[Data]:
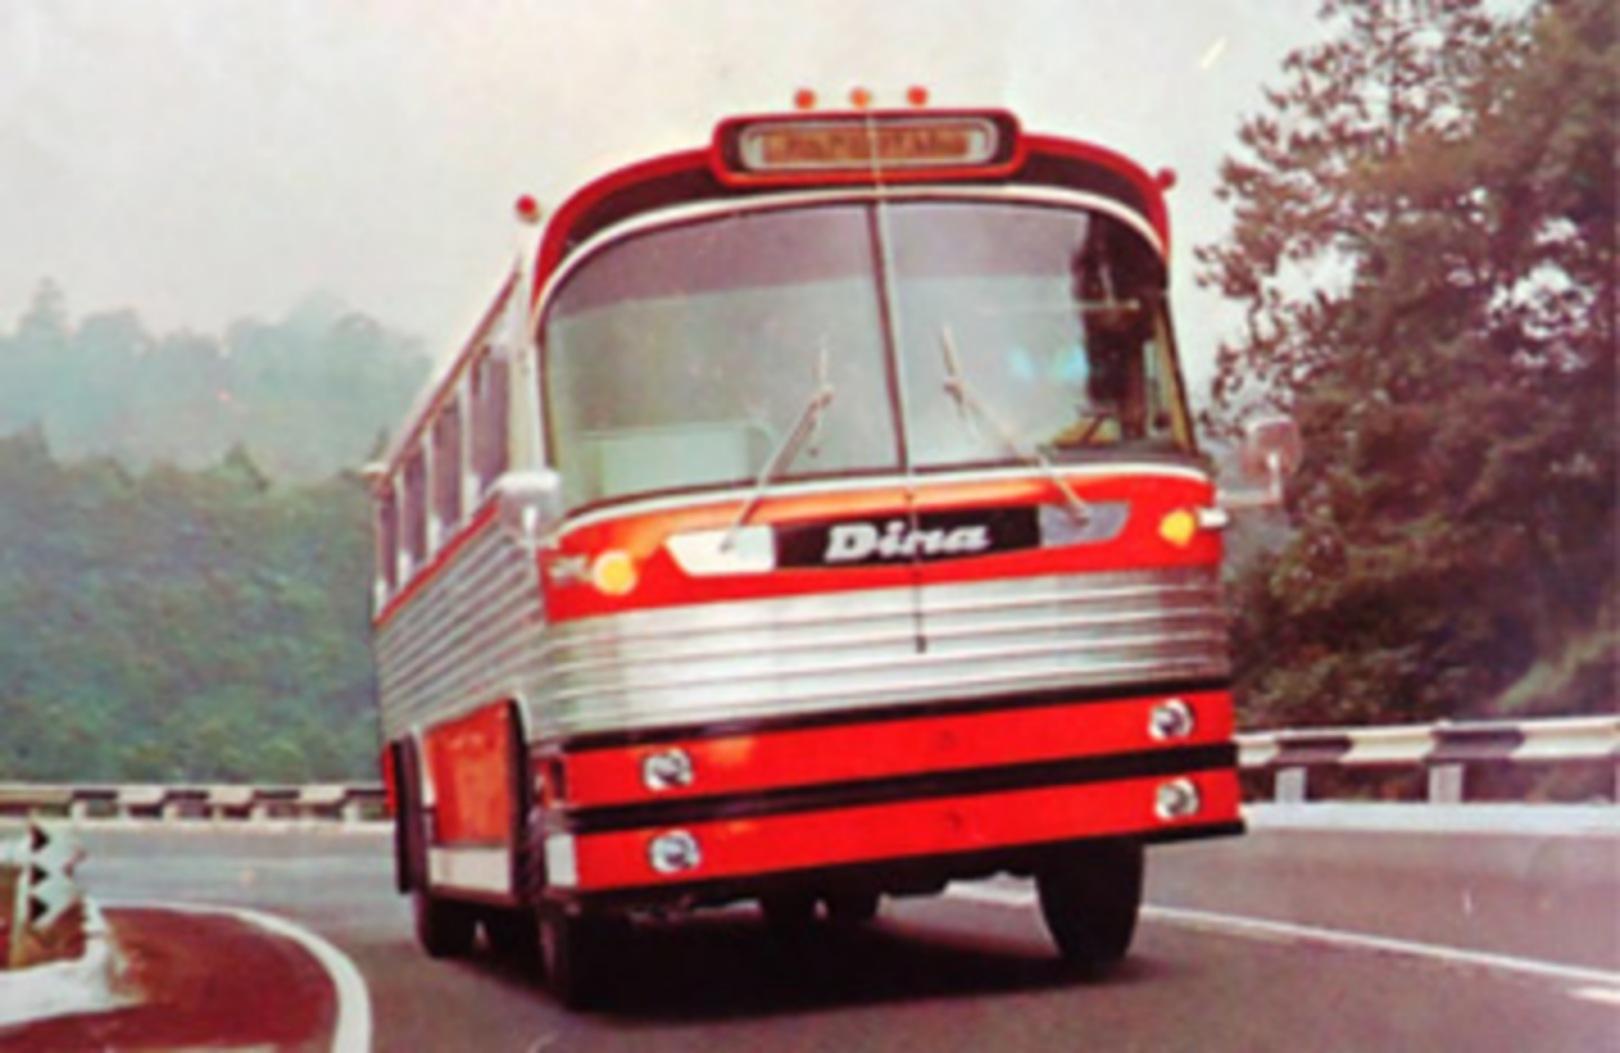 DINA 70 años autobuses
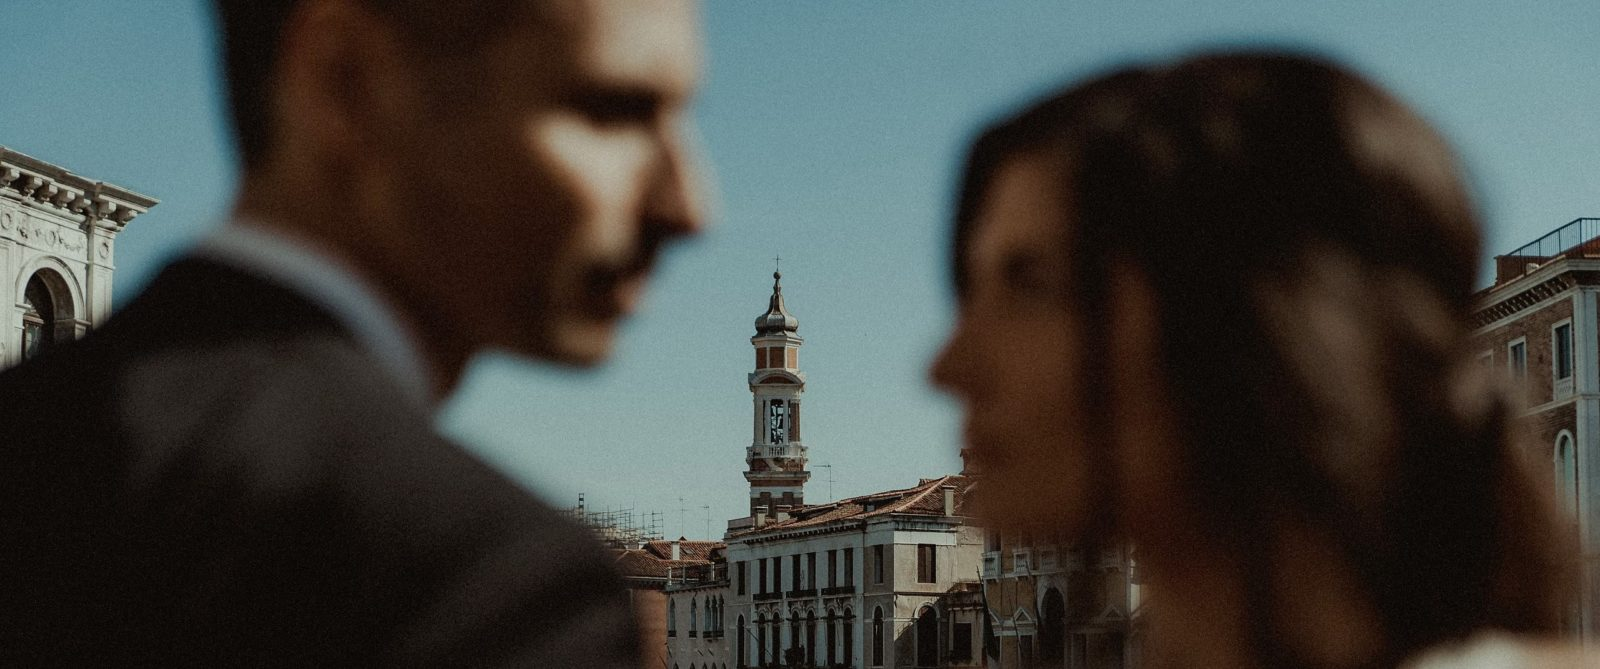 Venice Wedding Videographer filming wedding couple
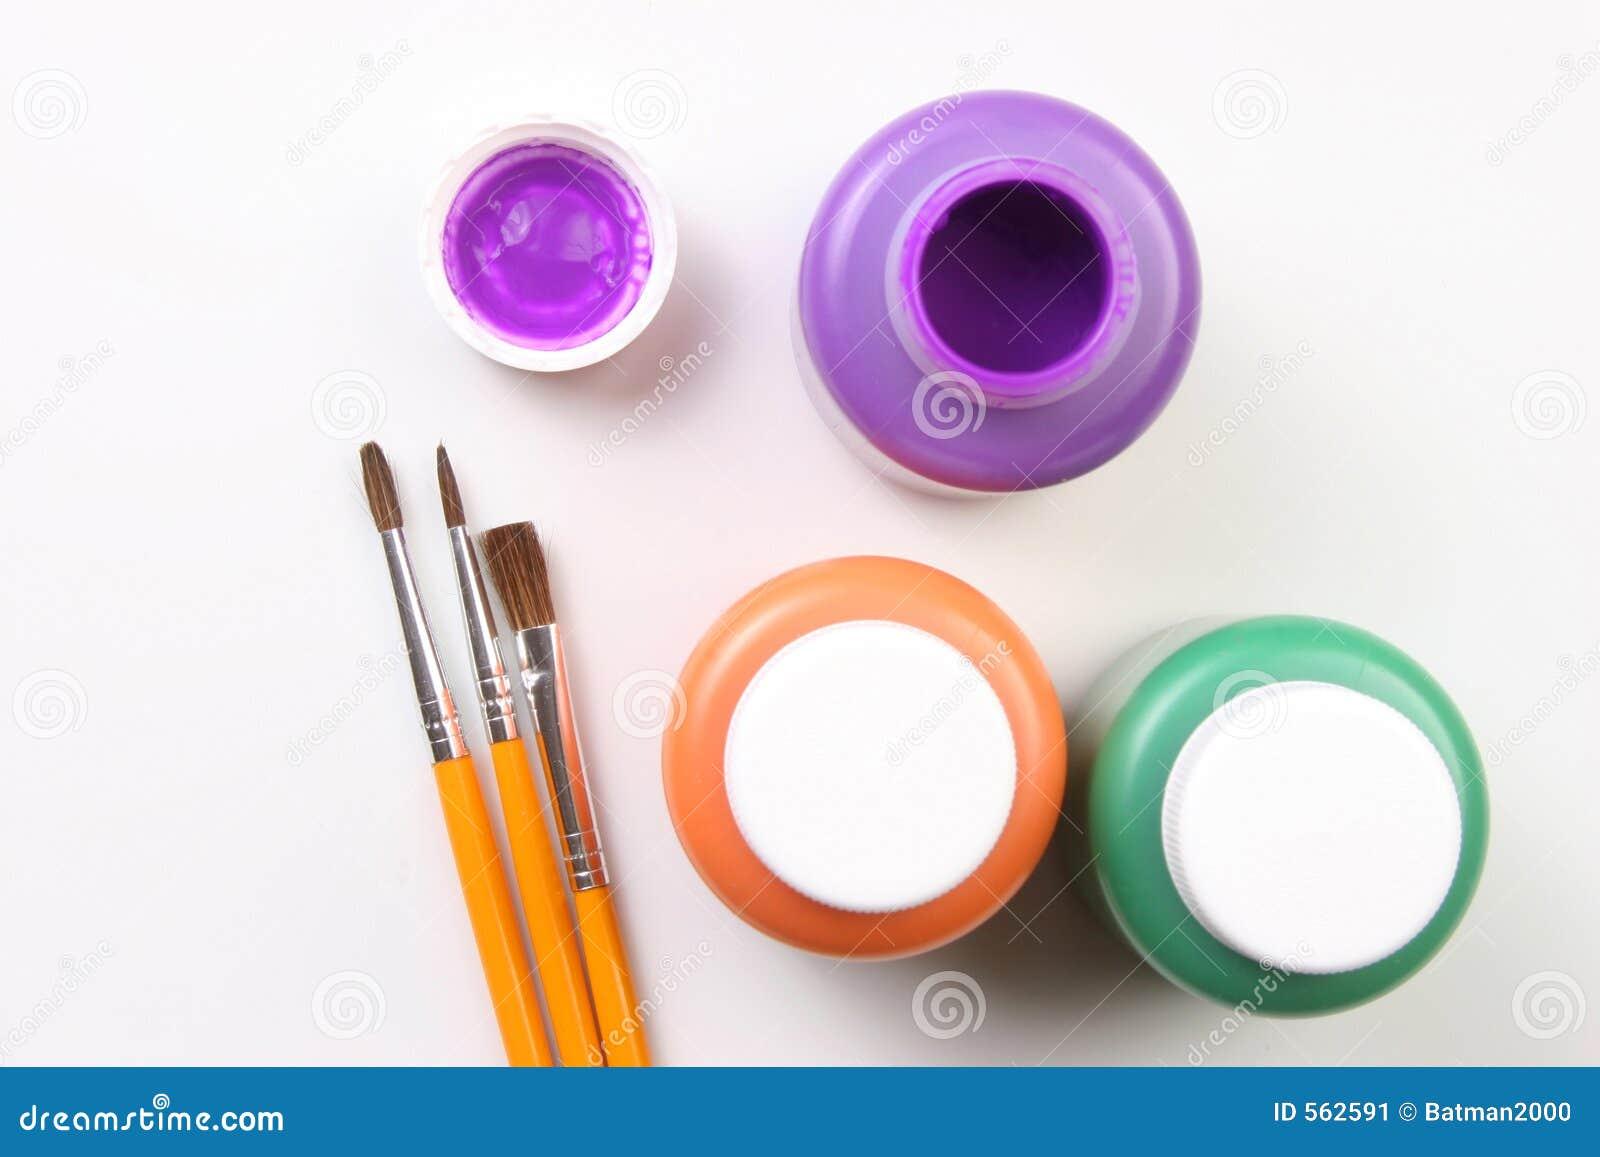 Kids artistic expressions-purple
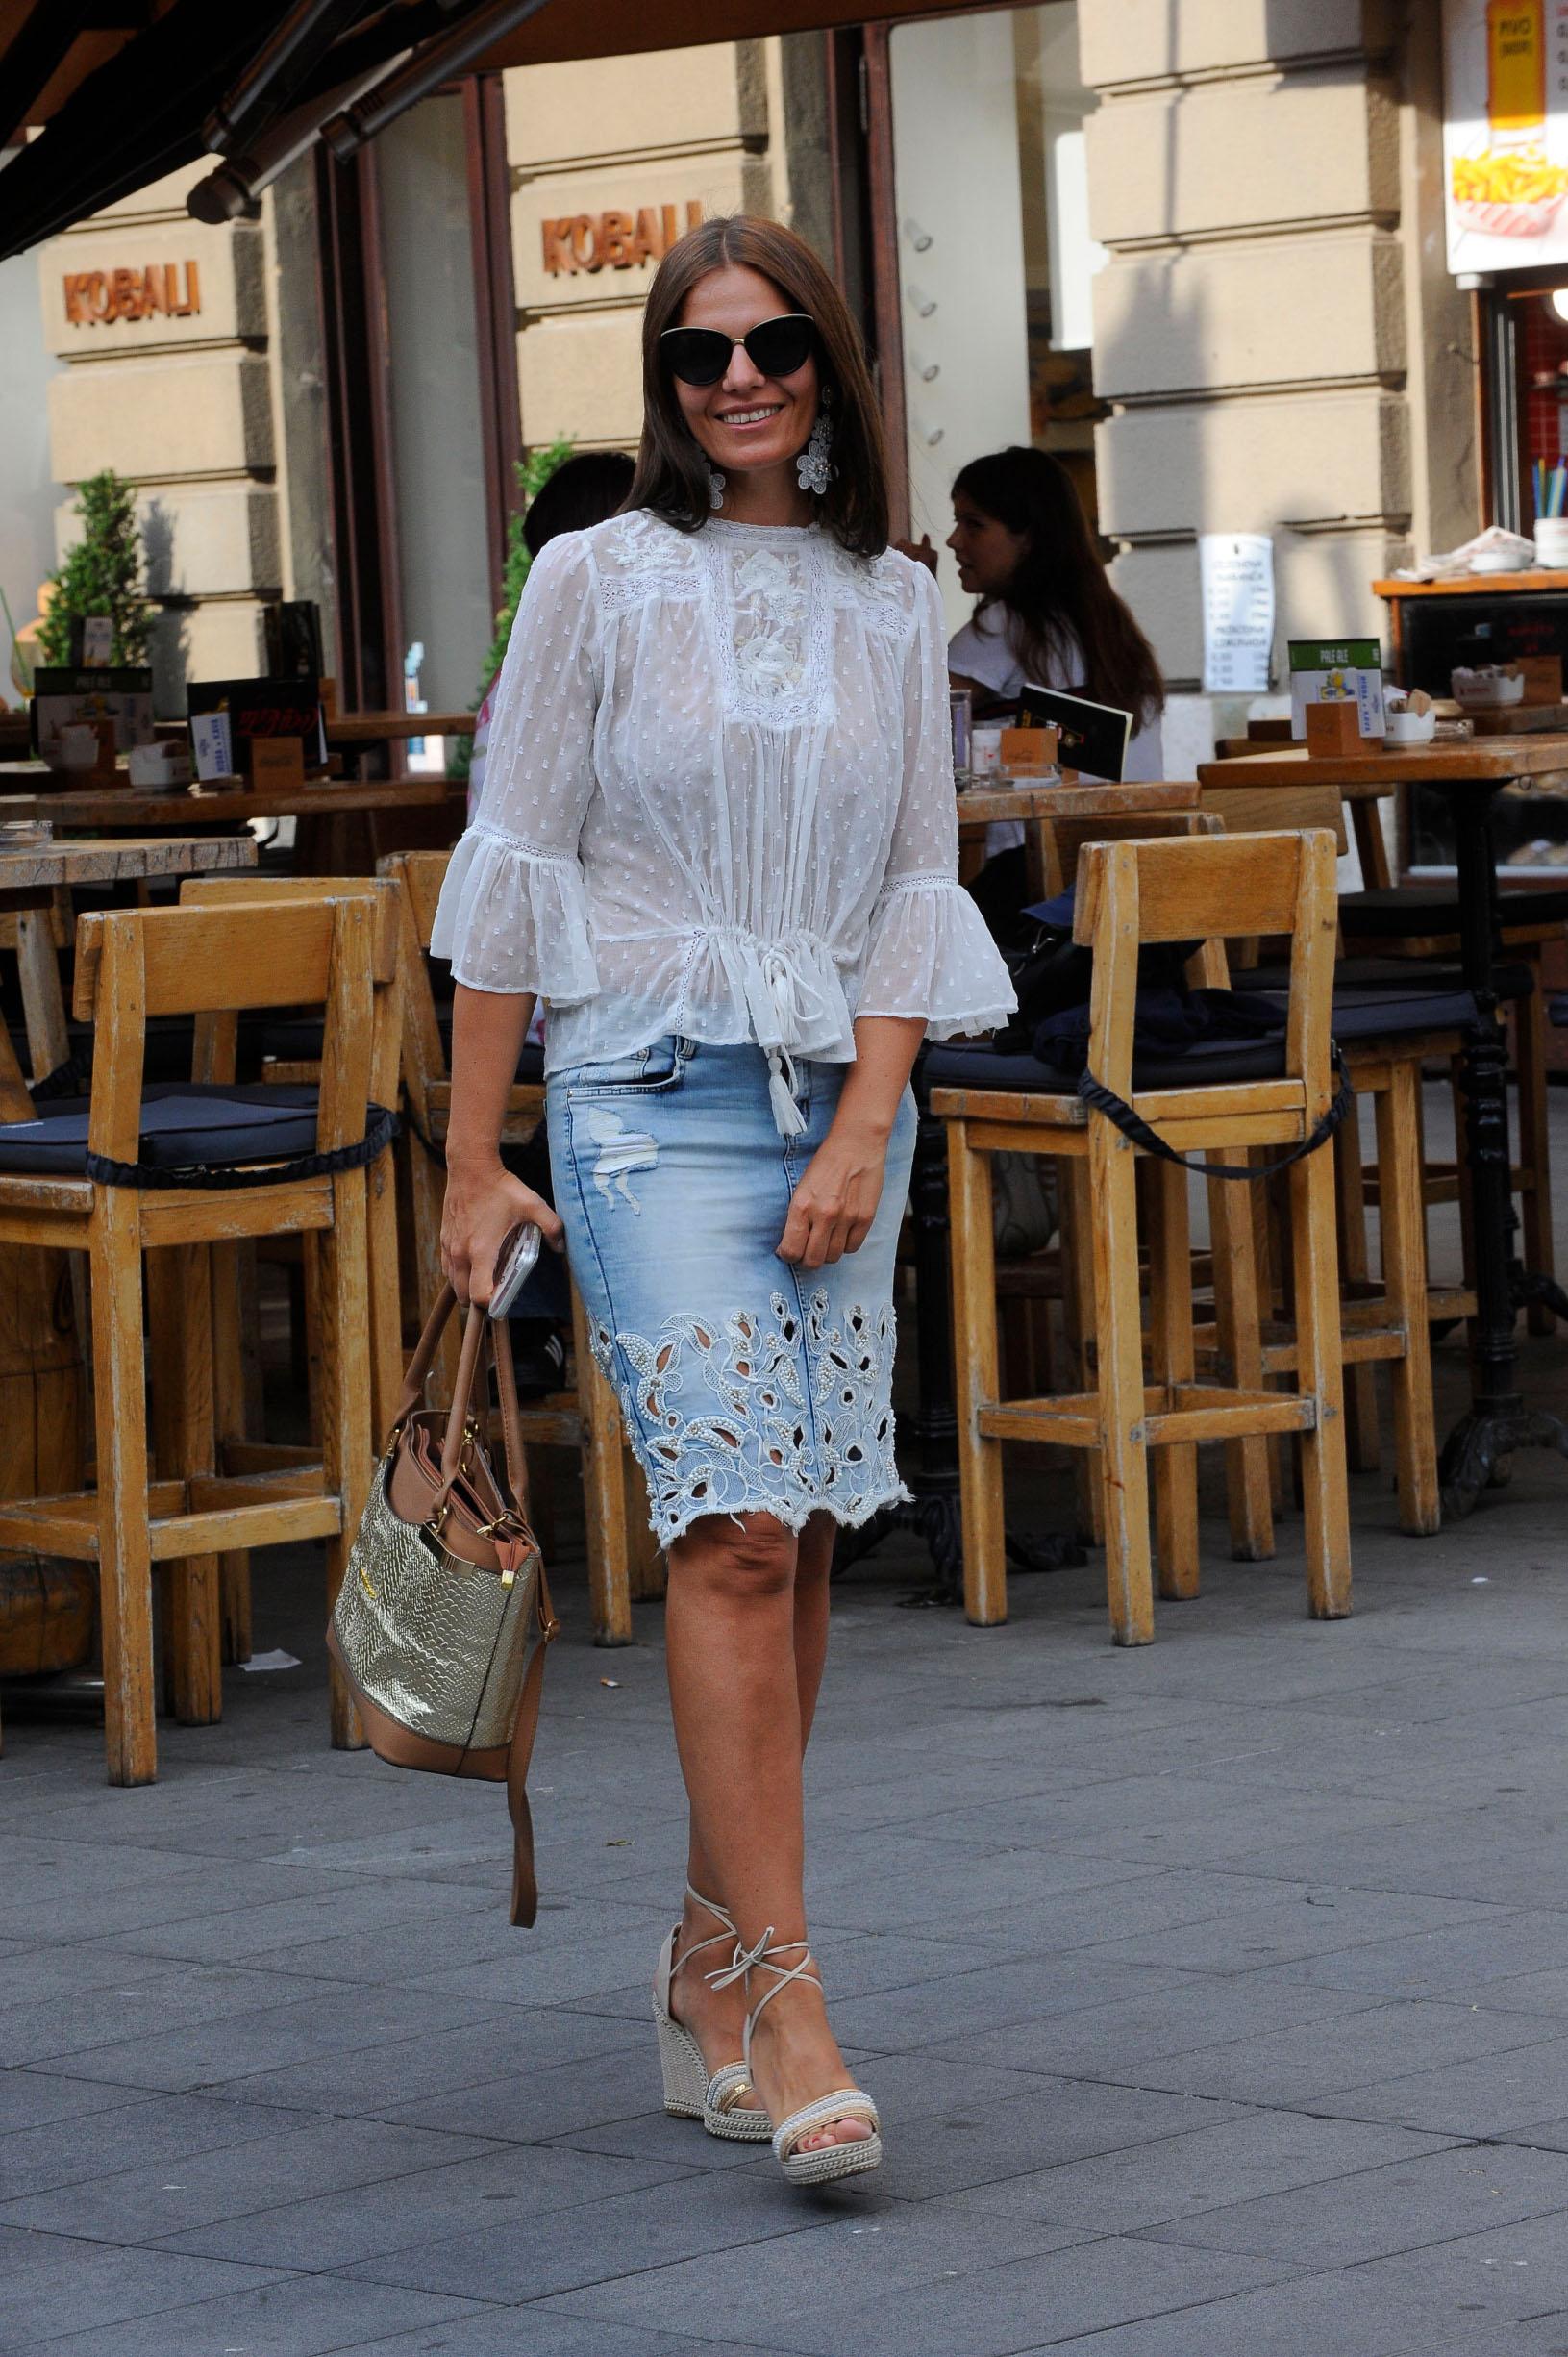 Ivančica Pahor

[Description of the task]: Wherever a picture appears in the material above, skip it and copy the rest without change.

[Final answer]:
 DINA 70 años autobuses
 Venice Wedding Videographer filming wedding couple
 Kids artistic expressions-purple
 Ivančica Pahor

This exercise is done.